Environment Georgia has written the latest chapter in the handbook on how to influence public policy. The effort that started in 2007 ended with the Georgia Board of Natural Resources voting Aug. 25 to designate an 11-mile stretch of the Conasauga River as a Tier 3 waterway with the Outstanding National Resource Water designation.

In the end, the group didn’t get all the protection that it wanted for the Consauga River. But members learned a lot and set the stage for future efforts to protect waterways and land. And the effort cemented relations with partners including landowners, the River Basin Center at the University of Georgia, and various environmental organizations.

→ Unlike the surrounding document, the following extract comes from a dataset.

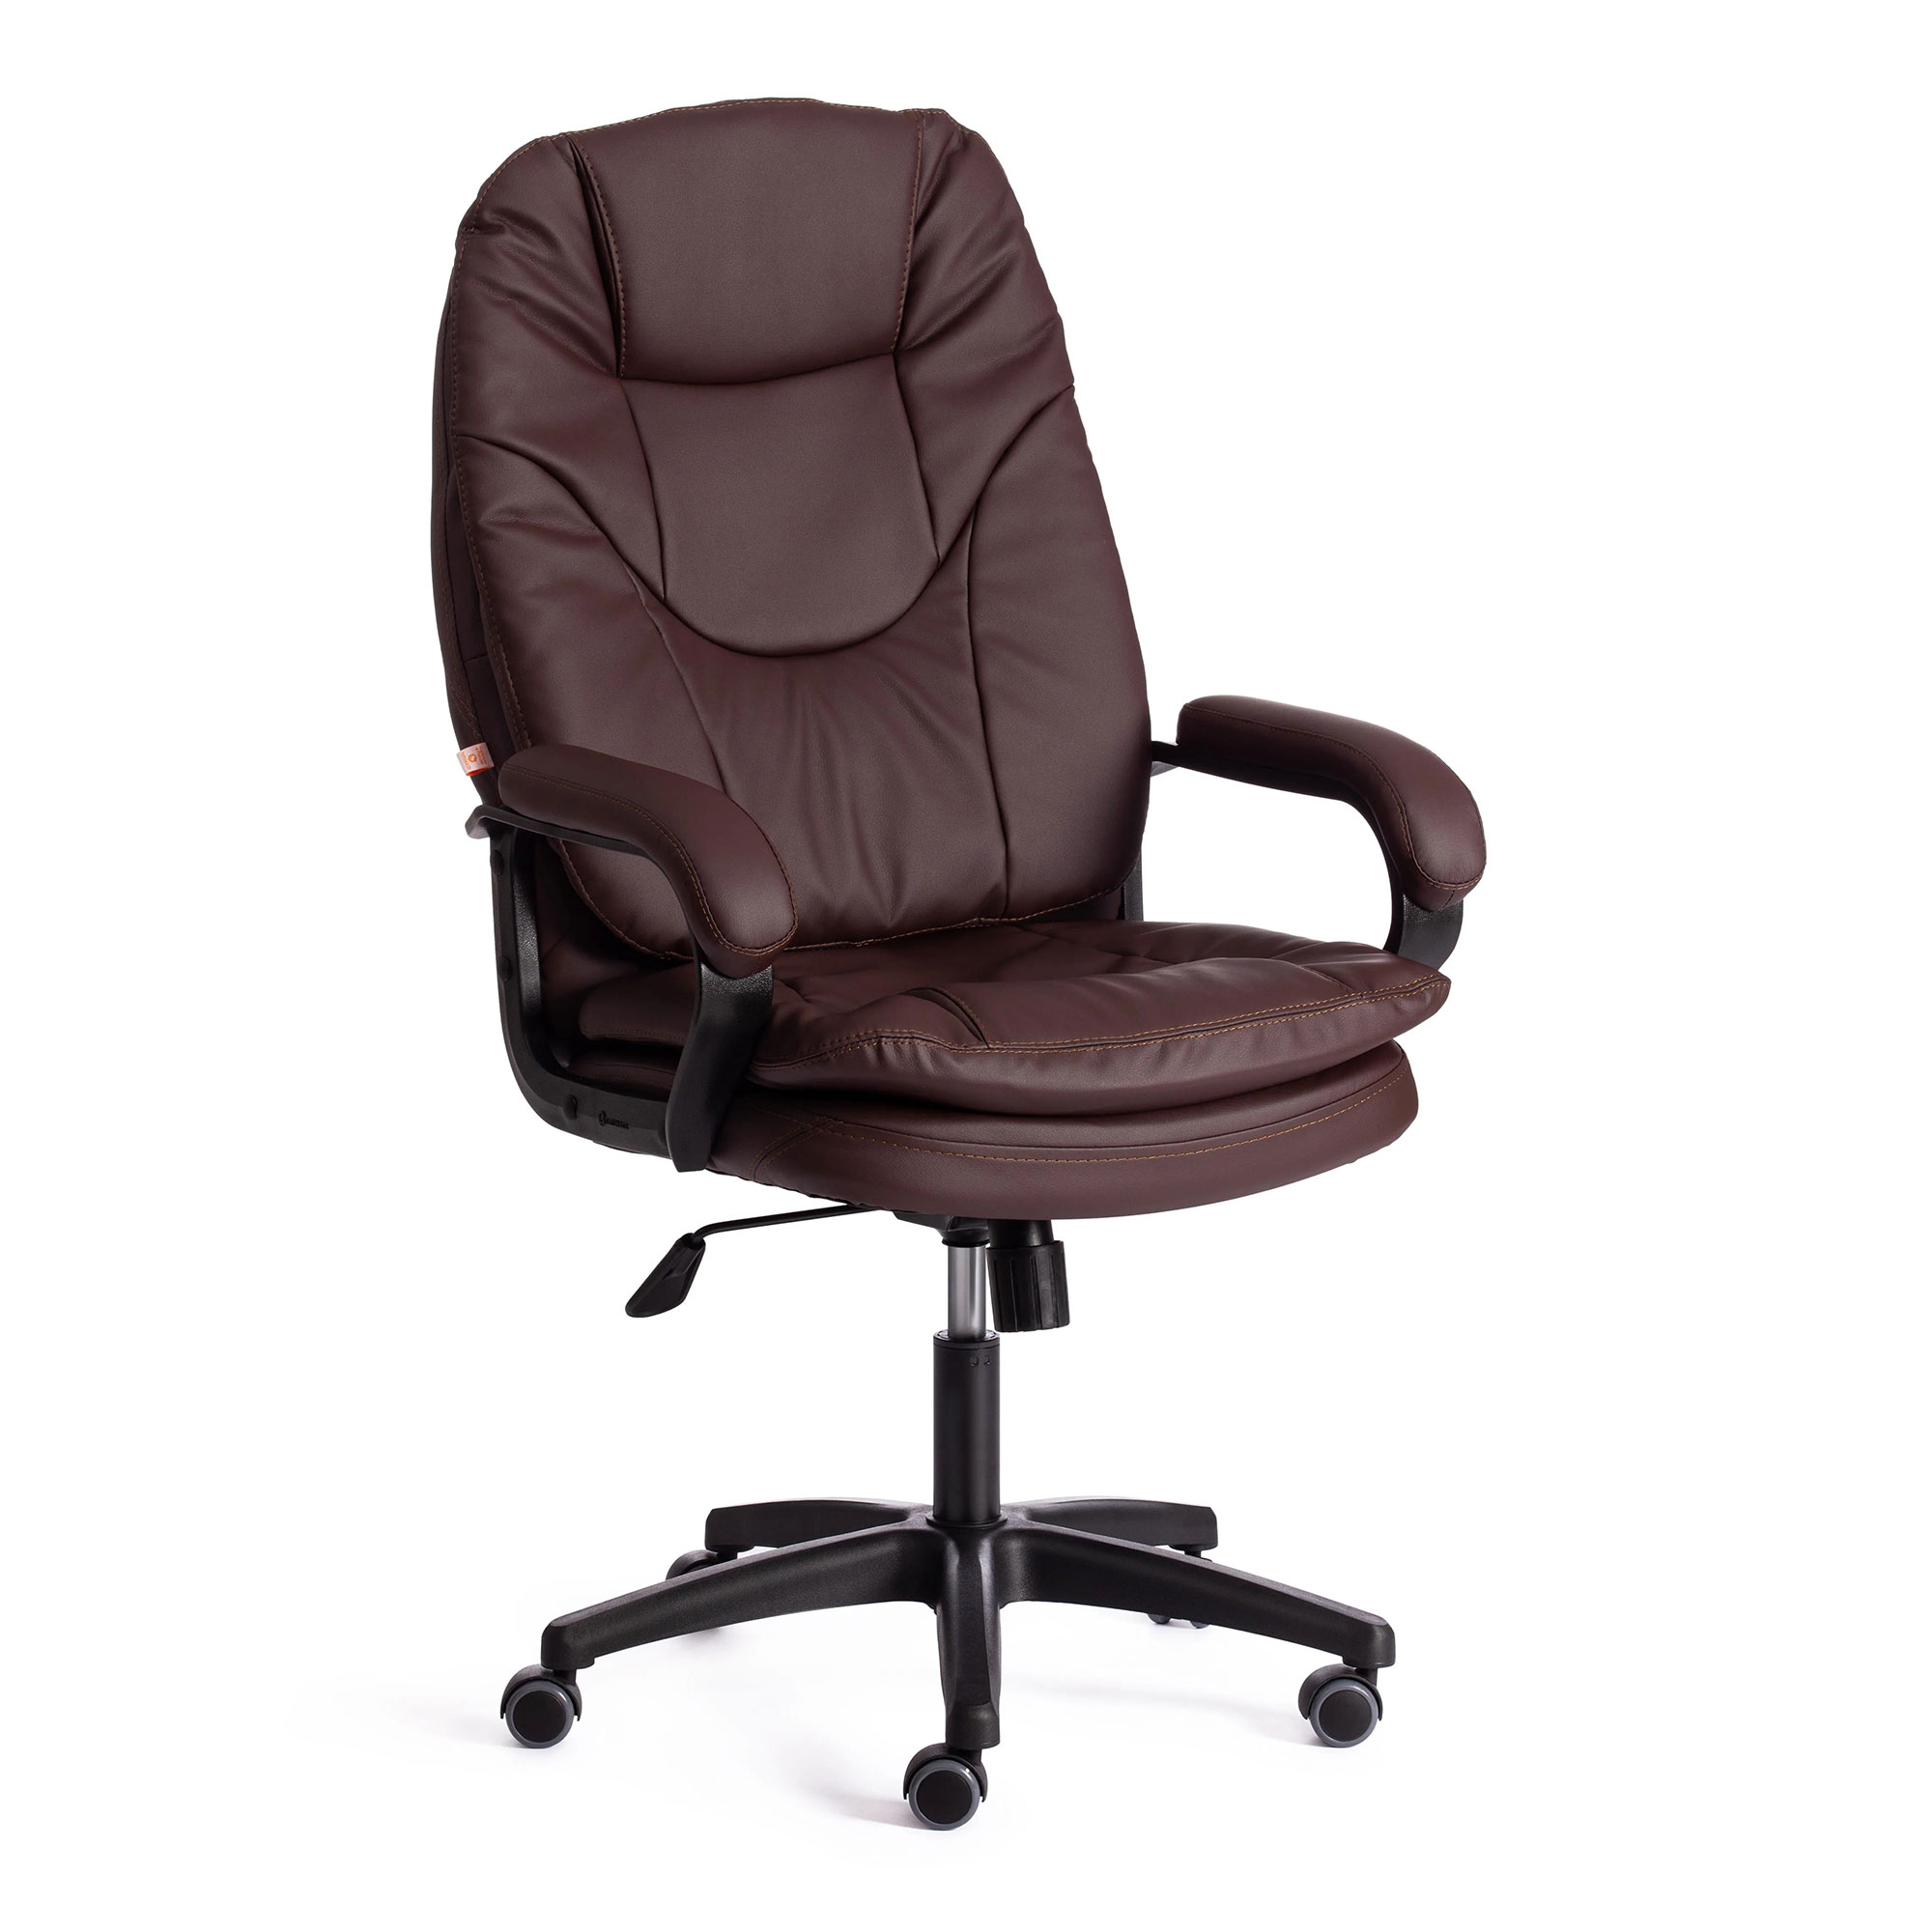 Компьютерное кресло TC Comfort коричневое 66х46х133 см (19381) кресло dreambag comfort красное экокожа 150x90 см

“The most important lesson we learned is that if you’re forging entirely new territory, it’s best to figure out the easier ask and come back later for more,” said Jennette Gayer, the state advocate at Environment Georgia. “We scaled back our original proposal with the idea that once we get the first designation done, it will be that much easier to get the next ones.”

The notion to protect the Conasauga River started with a general conversation about protecting greenspace and wild areas.

“The basic idea was, ‘You know, we are letting a lot of these special places slip away without taking a minute to fight for them,’” Gayer said.

Conasauga River in fall
The headlands of the Conasauga River are protected by the most stringent regulations, following state action on a proposal made by Environment Georgia. Credit: Environment Georgia

Out of that conversation came the plan to protect the Conasauga and Jacks rivers. The original plan was to protect the rivers from their headwaters all the way to the state border with Tennessee. The group wasn’t prepared for what came next.

“We naively submitted a petition and thought it would take a year to go through the process,” Gayer said. “We found out that’s not the case. Not because of intense opposition, but creating Tier 3 had never been done in Georgia before. If something’s never been done, it’s kind of trickier.”

The state Environmental Protection Division required a stakeholder process to gather public opinion about the proposed water protection designation.

“We got Fannin, Murray and Gilmer counties to pass resolutions saying they support the idea,” Gayer said. “It was kind of fun because we met with owners of land the river passes through. These are in the Alaculsy Valley [in Murray County] above the Cohutta. The people have been owners for generations and see themselves as being stewards of the land and liked the idea of being part of the big ‘first ever’ designation.

Cohutta Wilderness Area
The Cohutta Wilderness Area is managed by the U.S.D.A. Forest Service, which participated in the deal to provide stringent protections to the Conasauga River. Credit: Environment Georgia

Along with local landowners and commercial interests, the stakeholders include the U.S.D.A. Forest Service, because the rivers are in the Chattahoochee National Forest.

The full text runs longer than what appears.